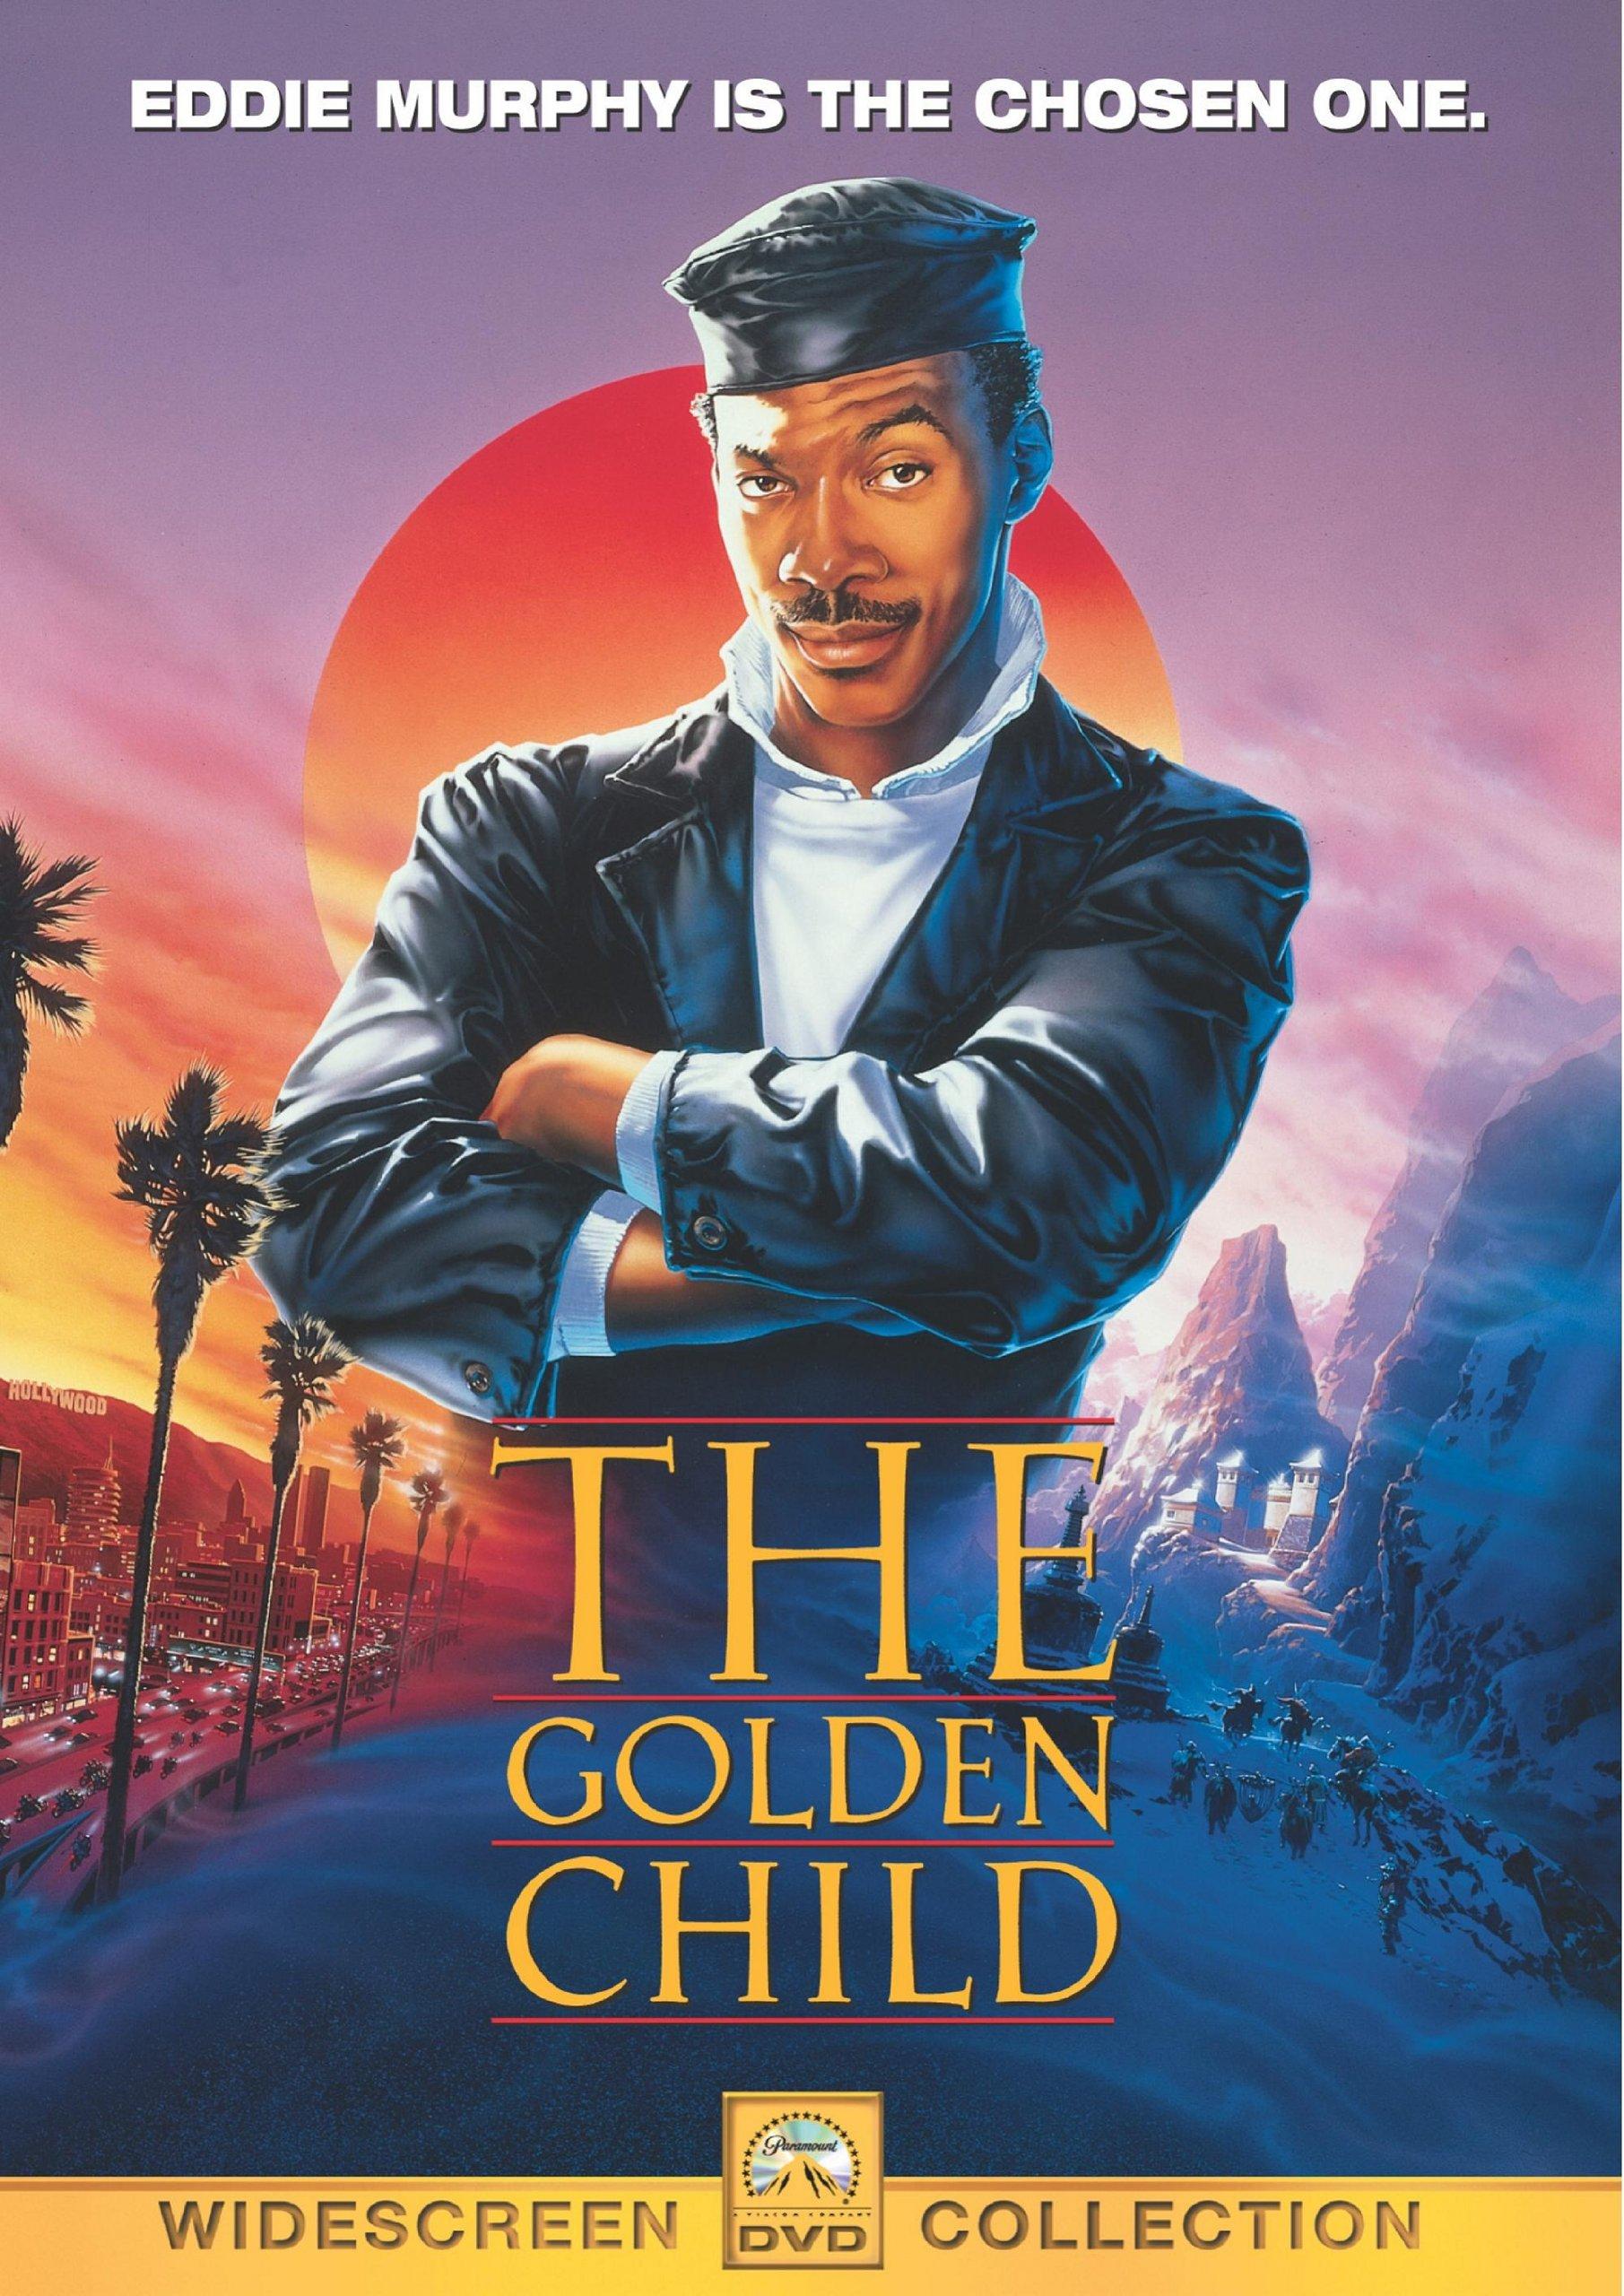 Golden Child, The (1986)
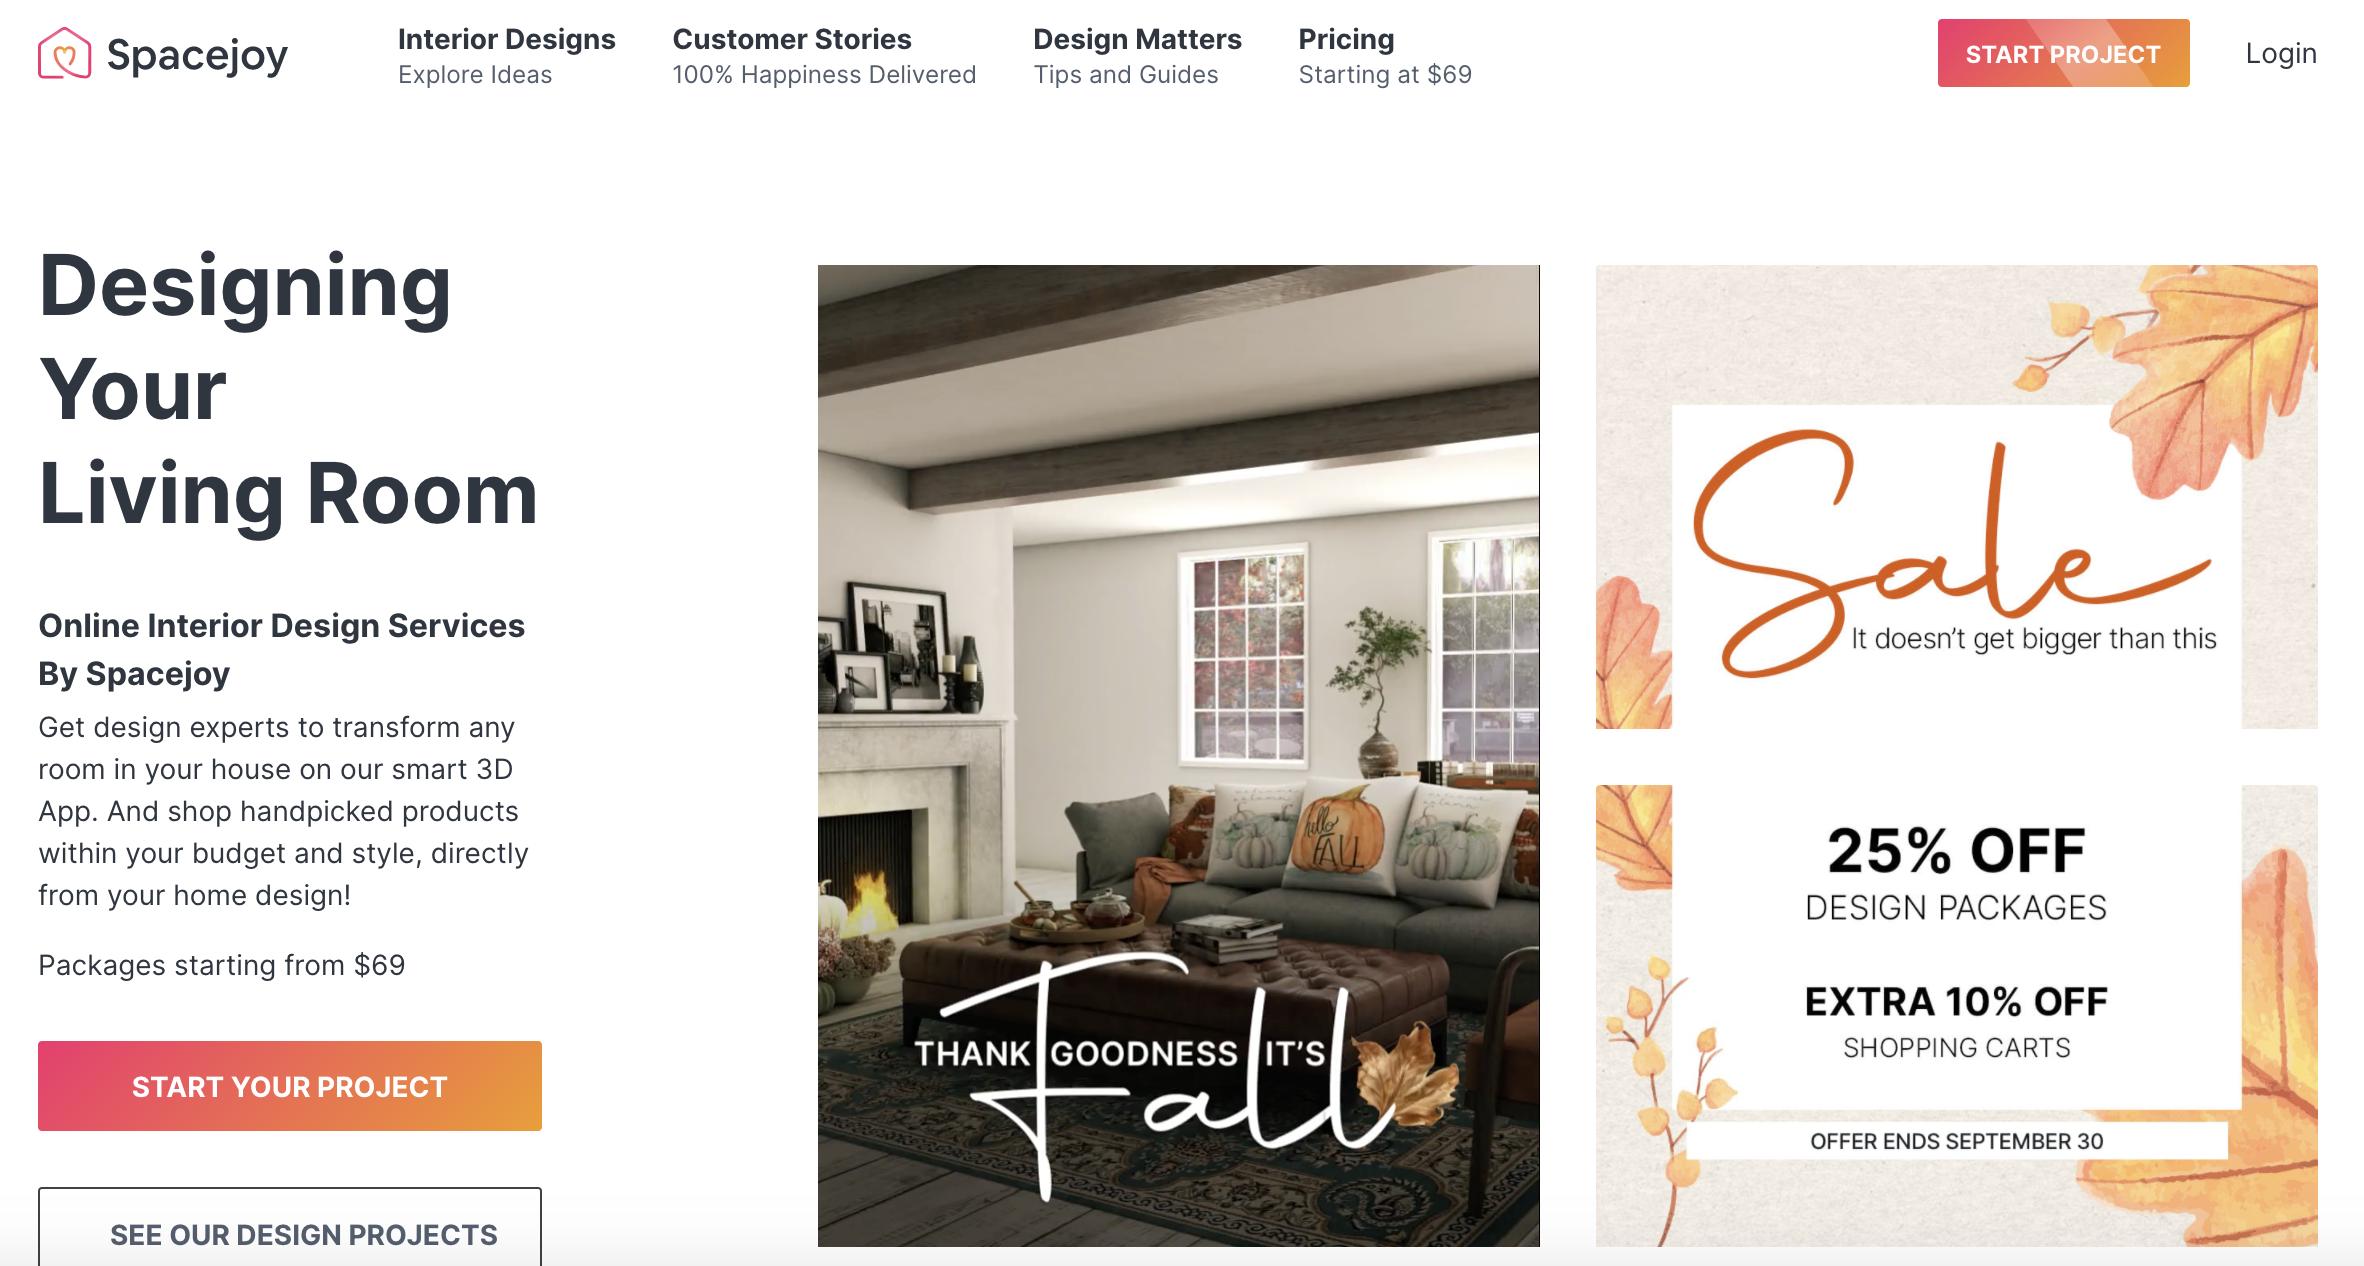 Online Interior Design Services By Spacejoy | Spacejoy India | Spacejoy USA
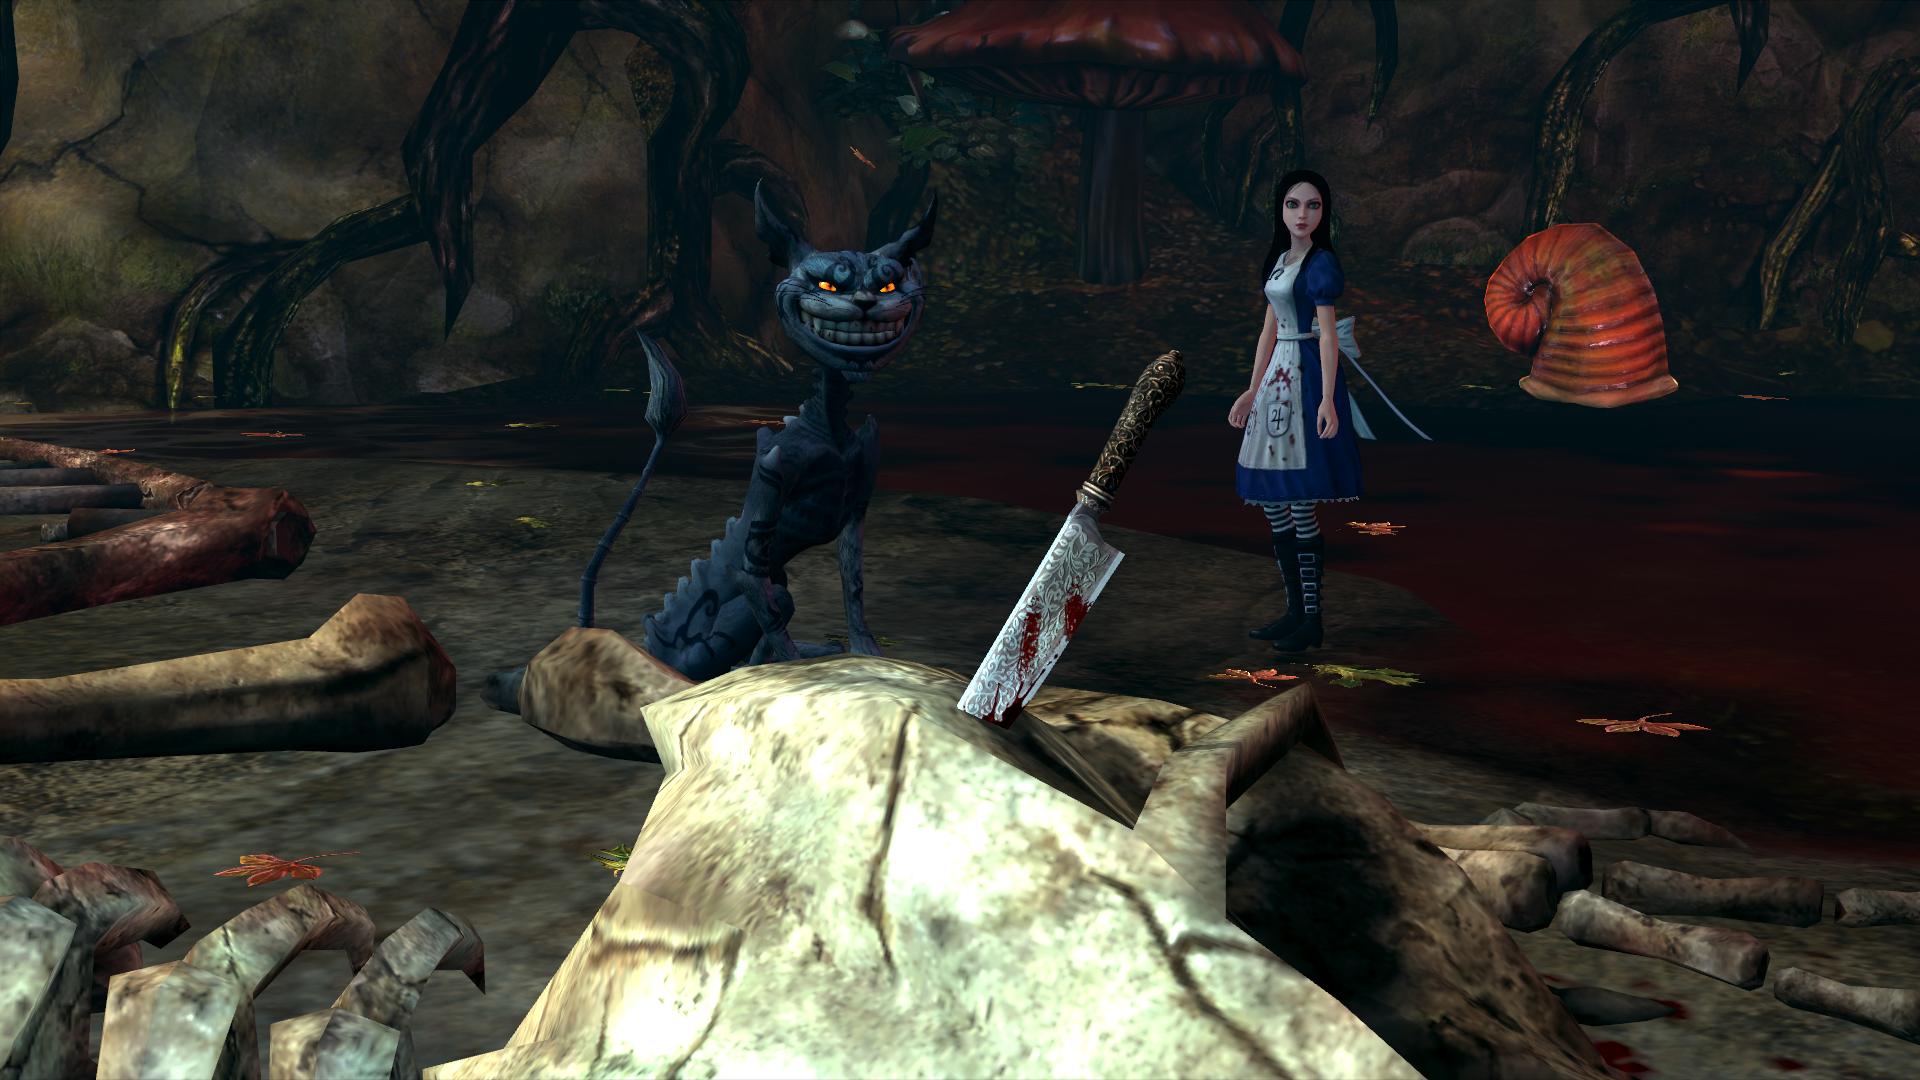 La espada Vorpal en el esqueleto.png

*What the task asks*.
Could the lines above be copied out exactly, with no image carried over?

*Reply*.
 Golden Child, The (1986)
 Online Interior Design Services By Spacejoy | Spacejoy India | Spacejoy USA
 La espada Vorpal en el esqueleto.png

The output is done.